The COVID-19 pandemic has caused much devastation and disruption. But in the aftermath, are we now seeing a silver lining emerging in the form of mRNA technology?
14 September 2021
Many people view the speed and effectiveness of the vaccine production as the highlight of the past 18 months. Multiple highly effective vaccine options were produced and tested within unprecedented time scales. Among the different types of vaccines, mRNA has played a key role, with both the Pfizer-BioNTech and Moderna COVID-19 vaccines using mNRA technology.
What is mRNA technology?
mRNA vaccines were used for the first time during the COVID-19 pandemic, but the underlying technology is something that scientists have been exploring for around 30 years.
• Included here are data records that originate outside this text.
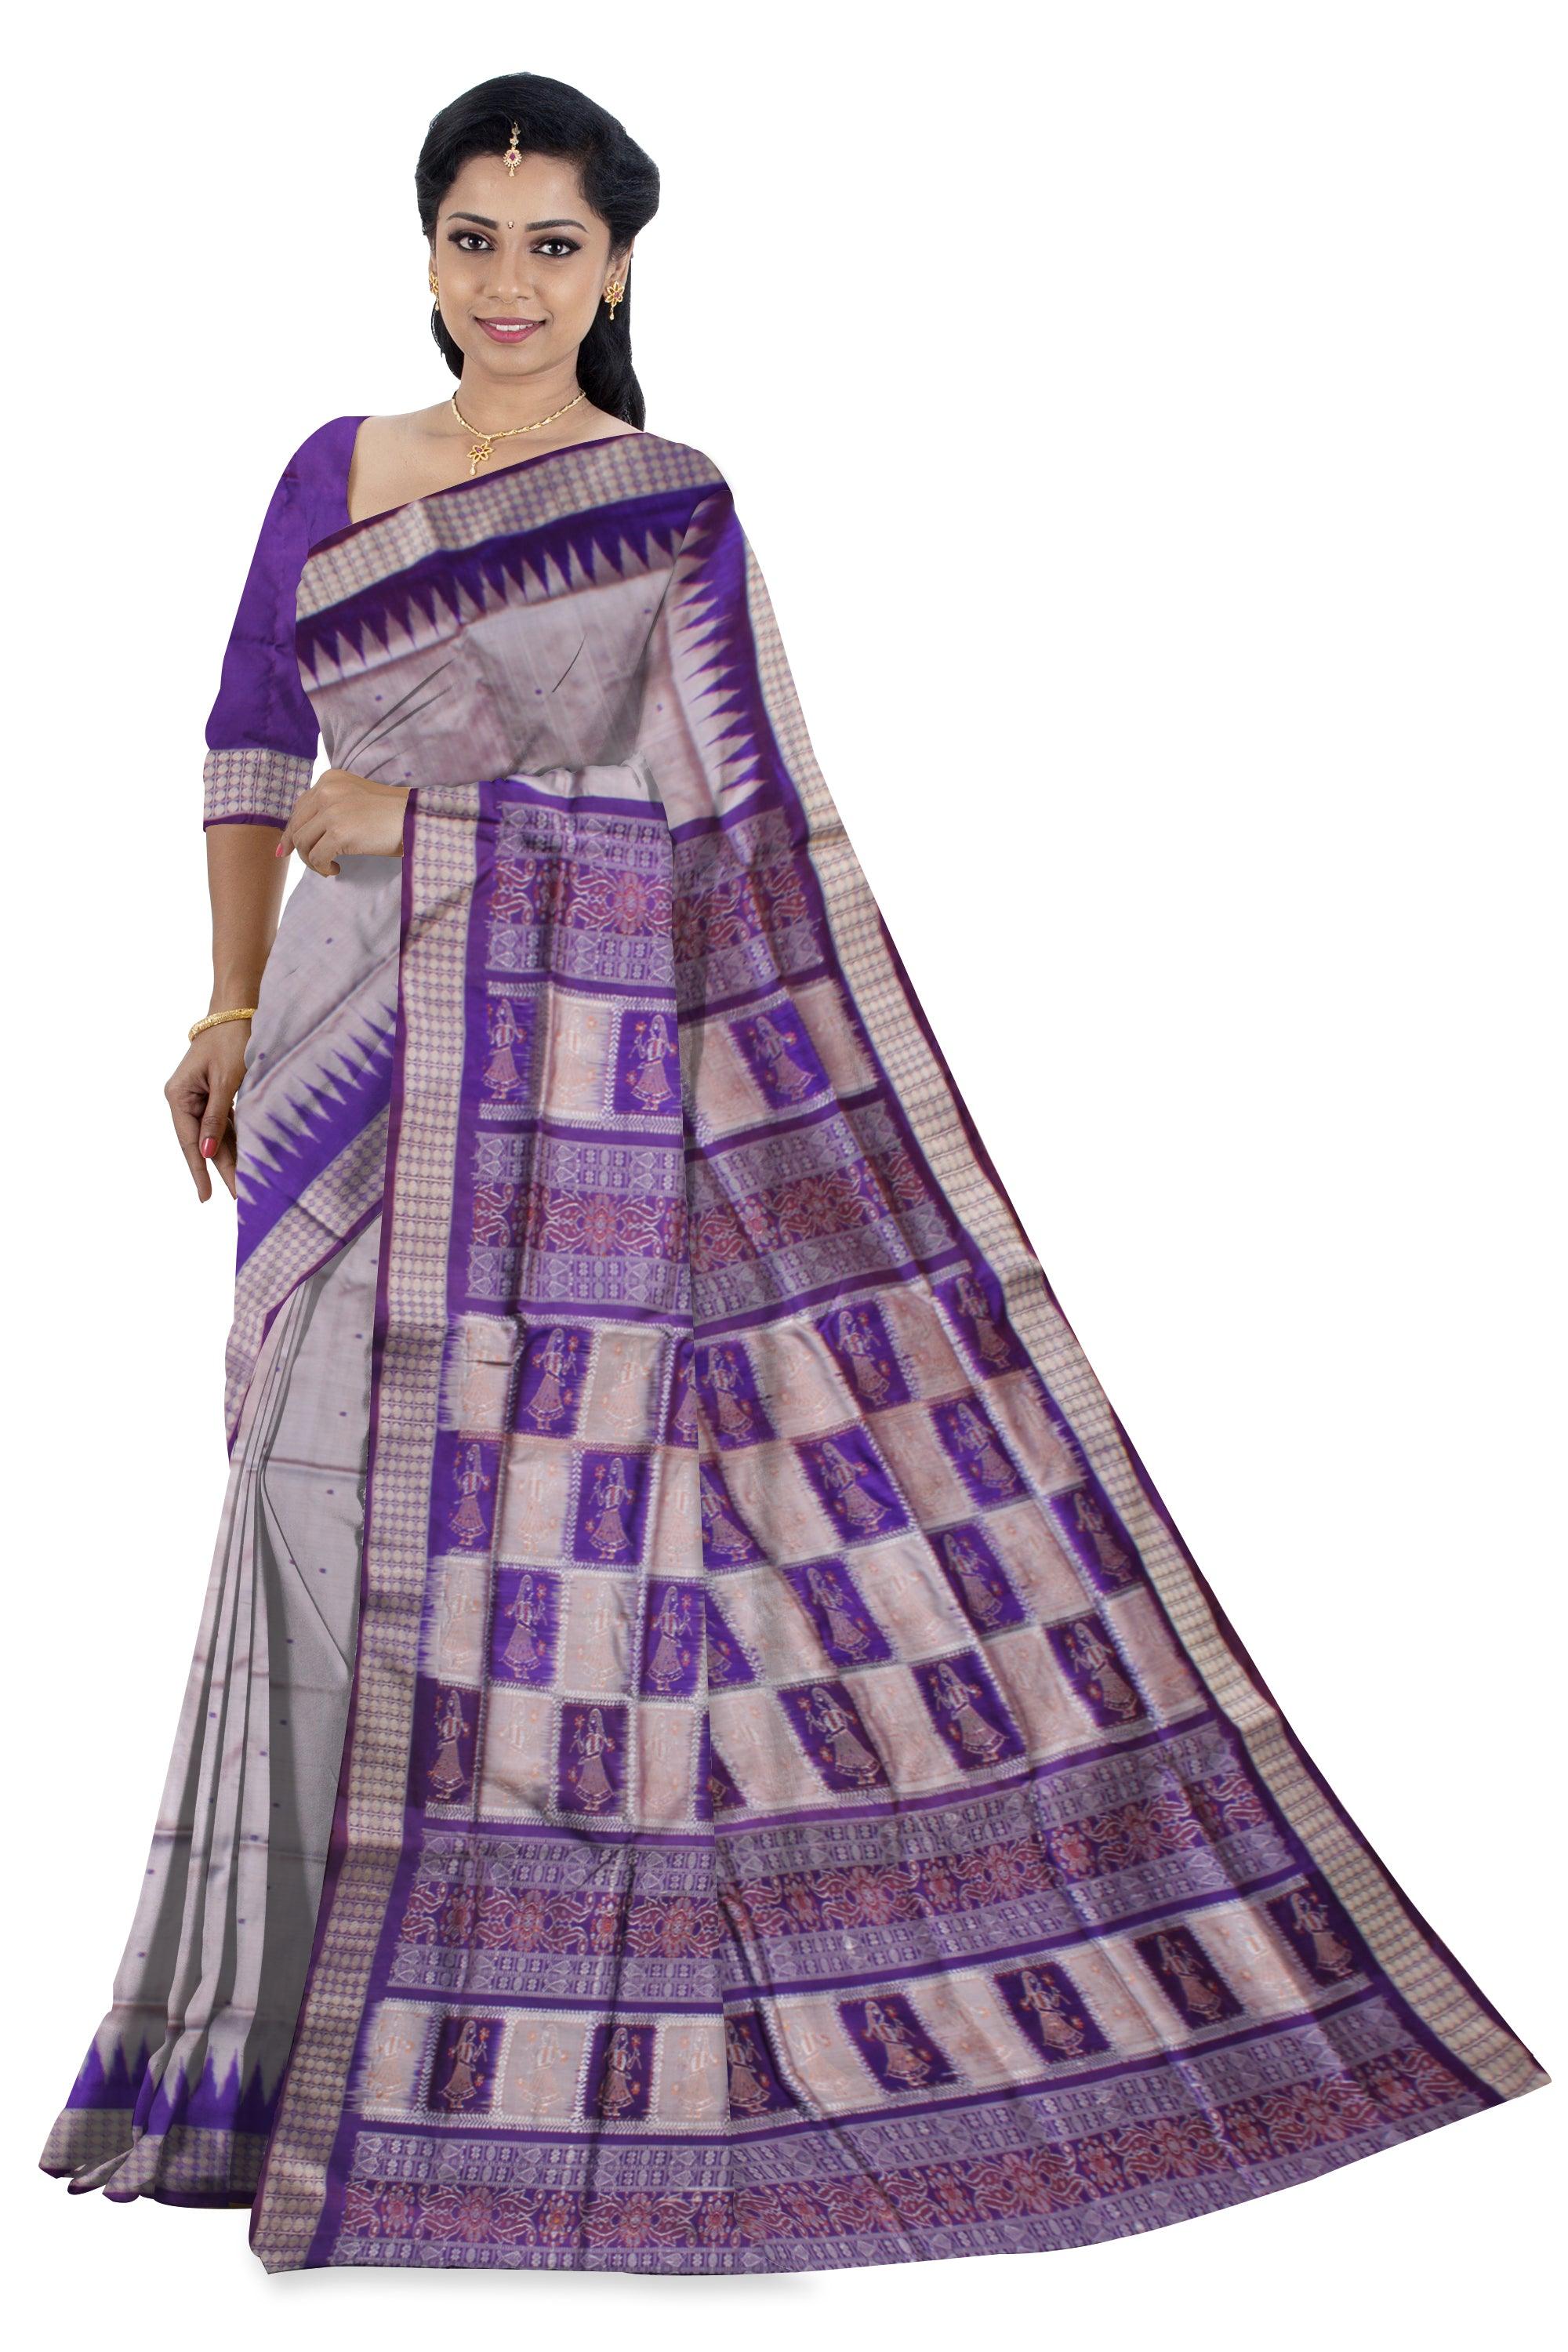 DOUBLE COLOR COMBINATION PALLU DOLL PRINT PATA SAREE IS SILVER AND PURPLE COLOR BASE, COMES WITH MATCHING BLOUSE PIECE. - Koshali Arts & Crafts Enterprise
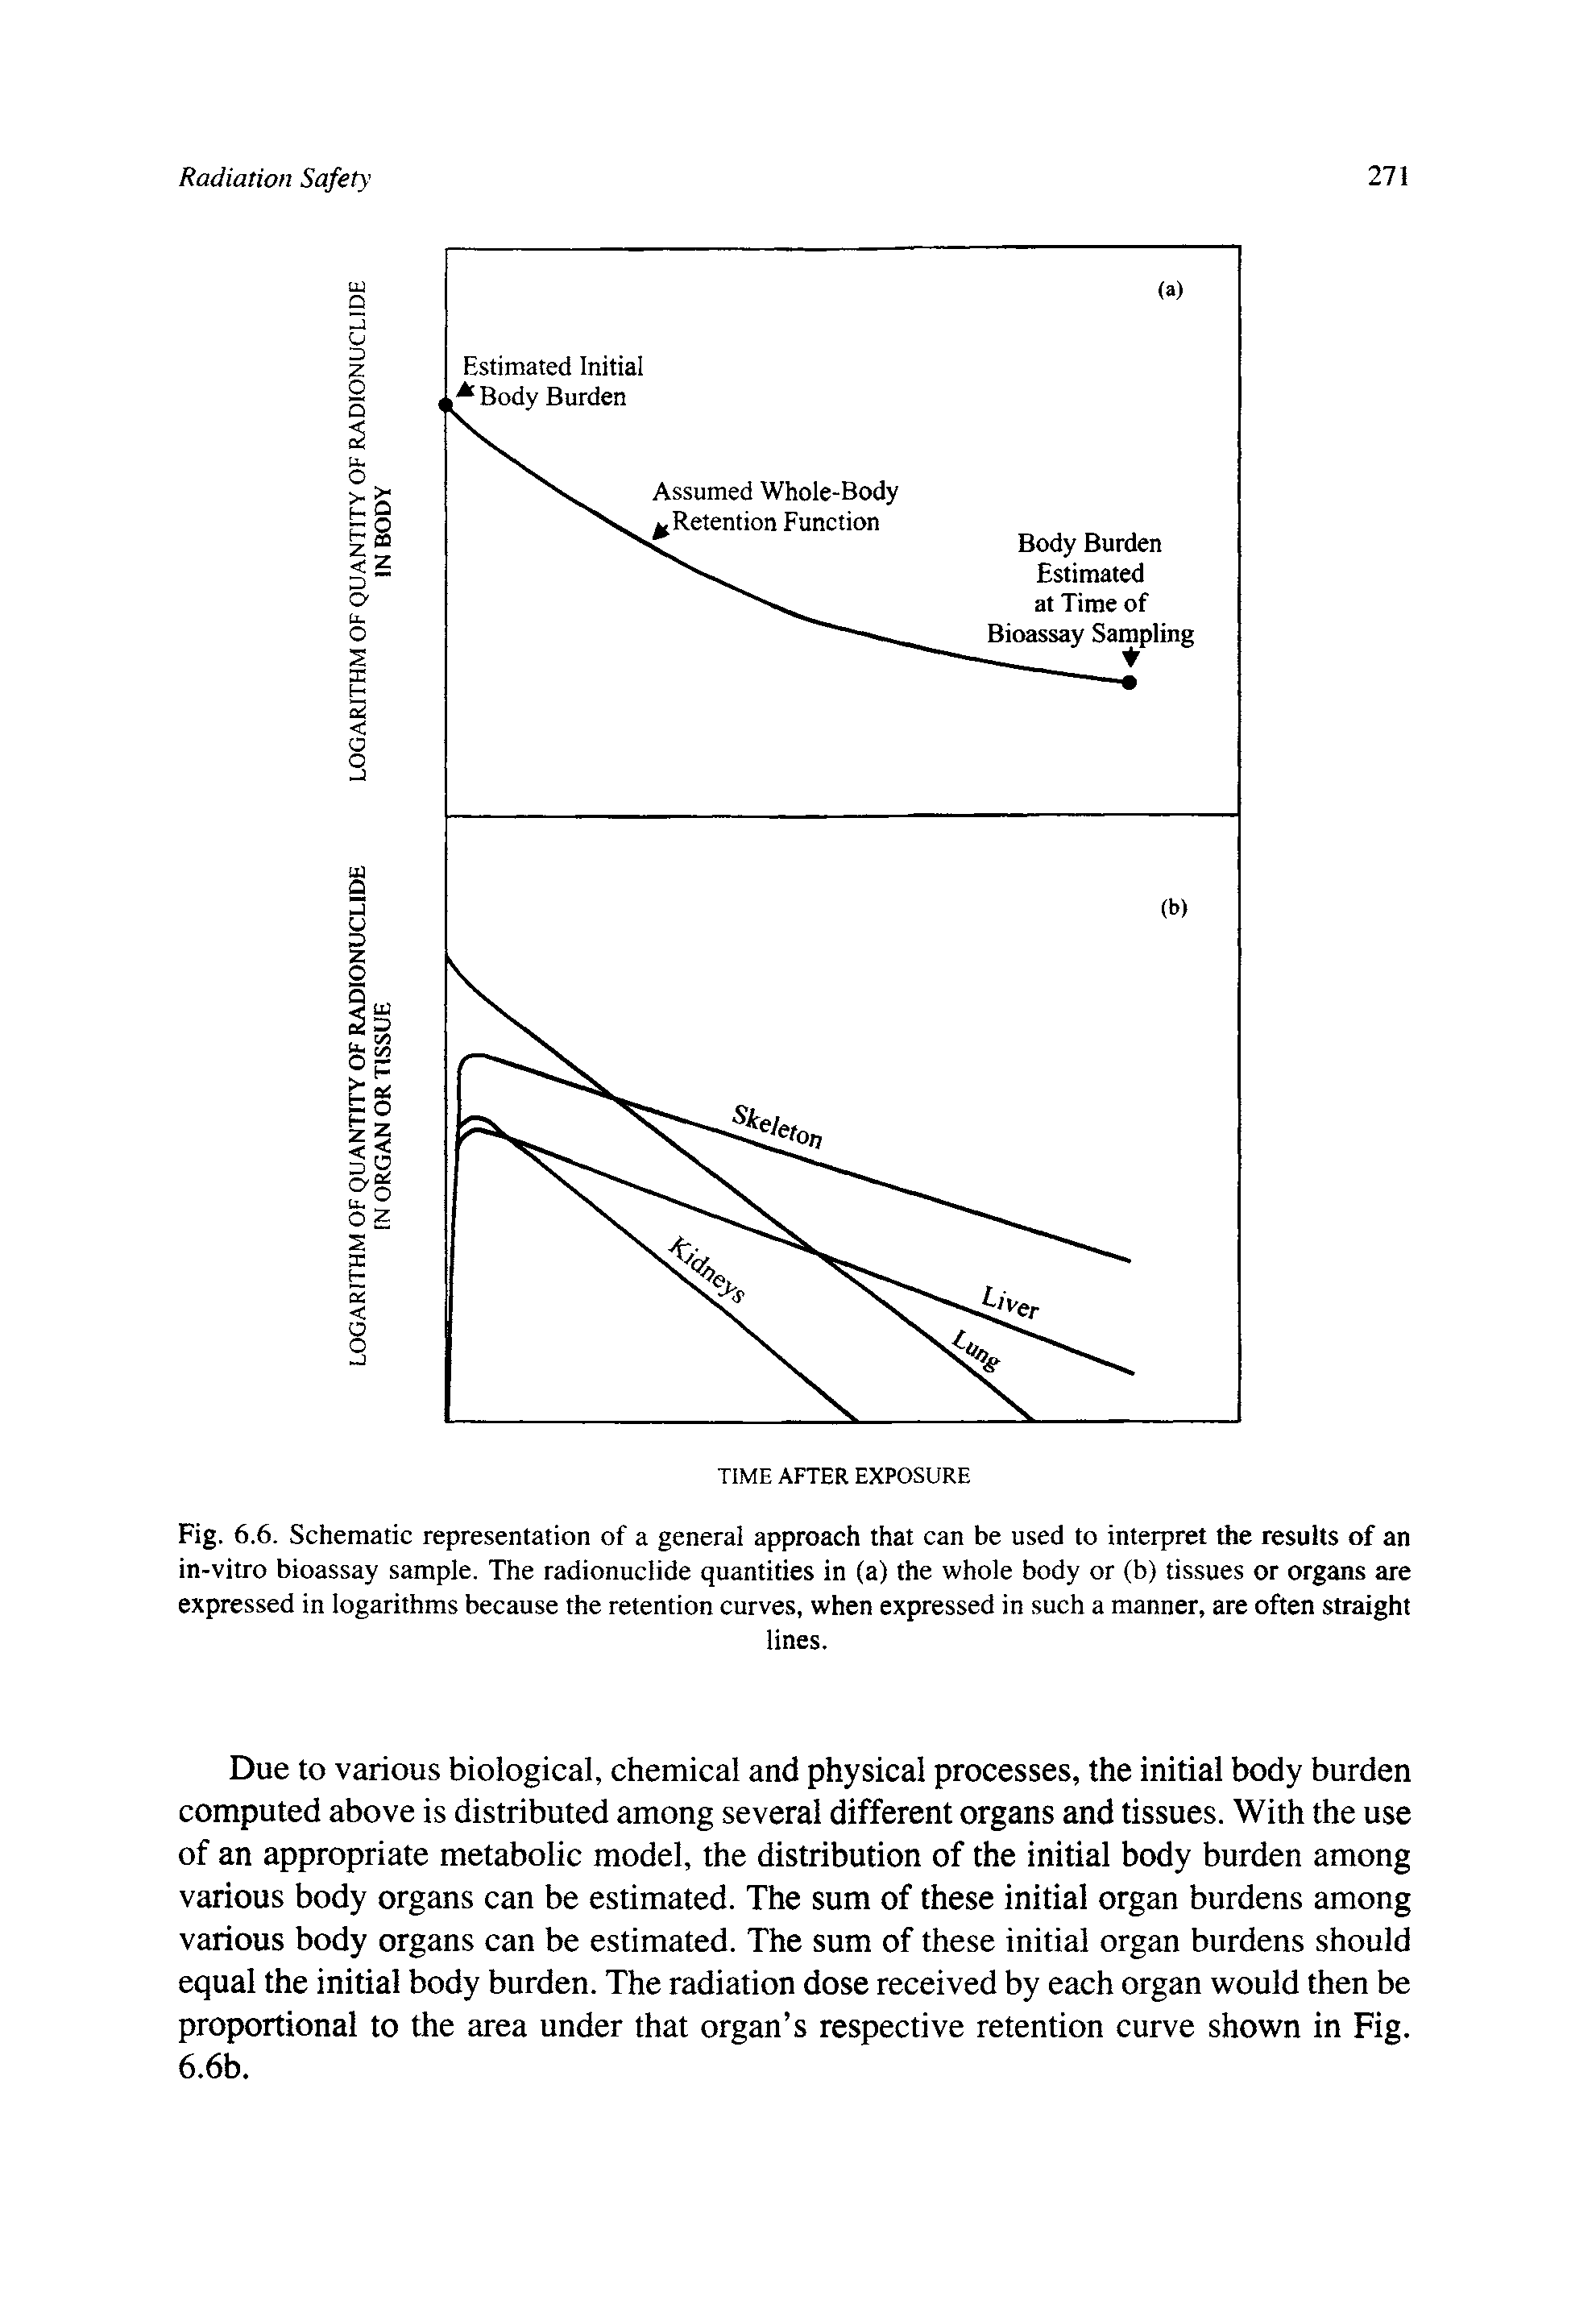 Fig. 6.6. Schematic representation of a general approach that can be used to interpret the results of an in-vitro bioassay sample. The radionuclide quantities in (a) the whole body or (b) tissues or organs are expressed in logarithms because the retention curves, when expressed in such a manner, are often straight...
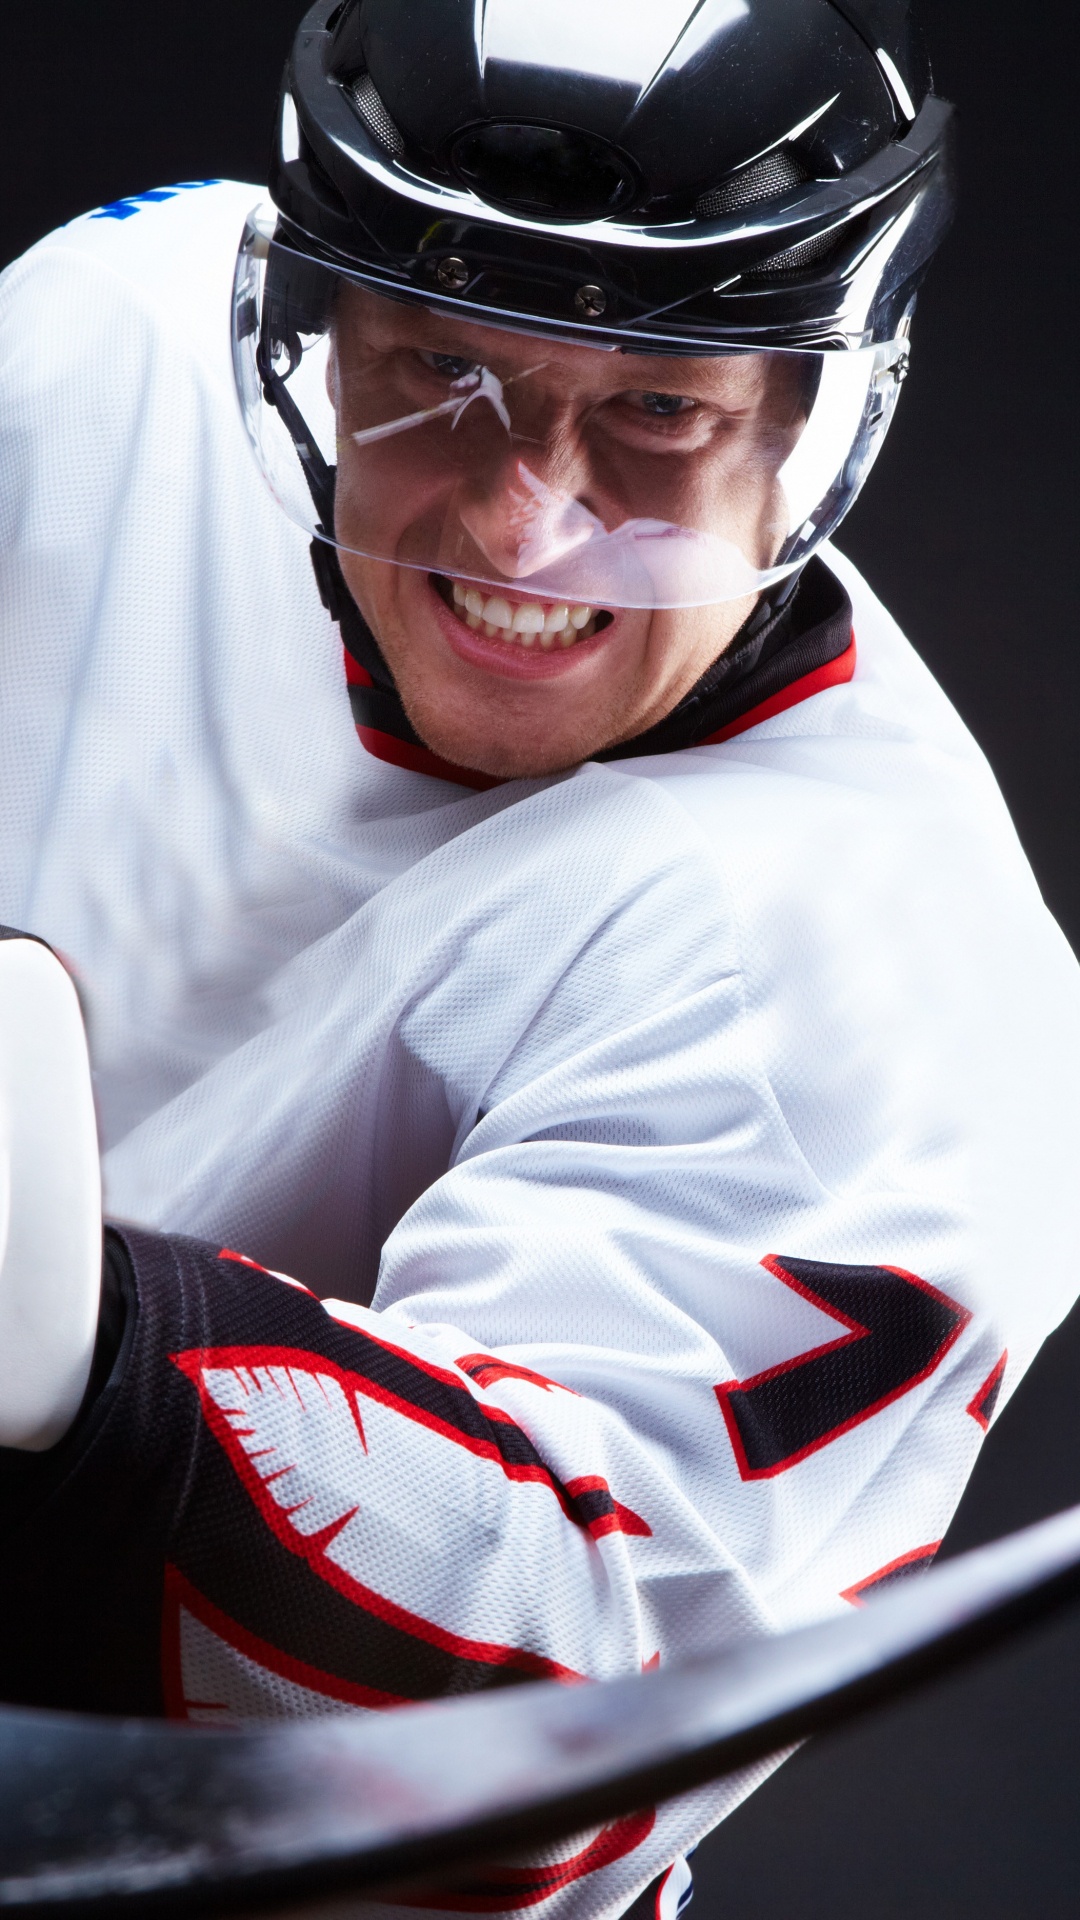 Man in White and Red Long Sleeve Shirt Wearing Black Helmet. Wallpaper in 1080x1920 Resolution

The first successful trial in mice was completed in the 1990s, but subsequent articles on the possibilities of mRNA largely flew under the radar, with many believing the hurdle of preventing extreme immune responses in humans insurmountable. However, in 2005 a breakthrough to this hurdle was found, which created a snowball of interest. Moderna (a word combining ‘modified’ and ‘RNA’) and BioNTech were formed, funding increased, and the research into the use of mRNA for medical purposes accelerated.
A virus consists of a core of DNA or RNA genetic material wrapped in a shell of proteins. The virus’s DNA or RNA makes these proteins via single stranded RNA molecules known as messenger RNA (mRNA). mRNA vaccines use genetically engineered mRNA to instruct your cells to make proteins characteristic of a specific virus. This causes your body’s immune system to make the antibodies that will fight the virus if you later become infected.
There is often a critical element of a virus’ protein shell. In the case of SARS-CoV-2, the virus that causes COVID-19, it is the now infamous “spike protein”. Amazingly, within just weeks of identifying SARS-CoV-2, scientists in China had determined the structure of the genes that make the spike protein. Minutes later, scientists around the world used this to begin work on the design of an mRNA vaccine.
mRNA technology is exciting!
mRNA vaccines have some impressive advantages when compared to their more traditional counterparts: they are easy and fast to mass-produce in a laboratory, they are easily adapted to combat new strains of a virus, and they create a stronger type of immunity in the body.
There is also now hope and expectation that, following the large-scale success of COVID-19 vaccines, the use of mRNA technology to combat other diseases will be accelerated.
BioNtech, the company who developed one of the successful COVID-19 vaccines in partnership with Pfizer has begun their phase 2 trials of a cancer vaccine for patients with skin cancer, after phase one showed evidence of safety and preliminary efficacy. They are also beginning mid-stage trials of vaccines for head and neck cancers.
Moderna is now starting trials of its experimental mRNA HIV vaccine, the first to be trialled in humans. There are also new mRNA vaccines being tested for Ebola virus disease, Zika, rabies and influenza.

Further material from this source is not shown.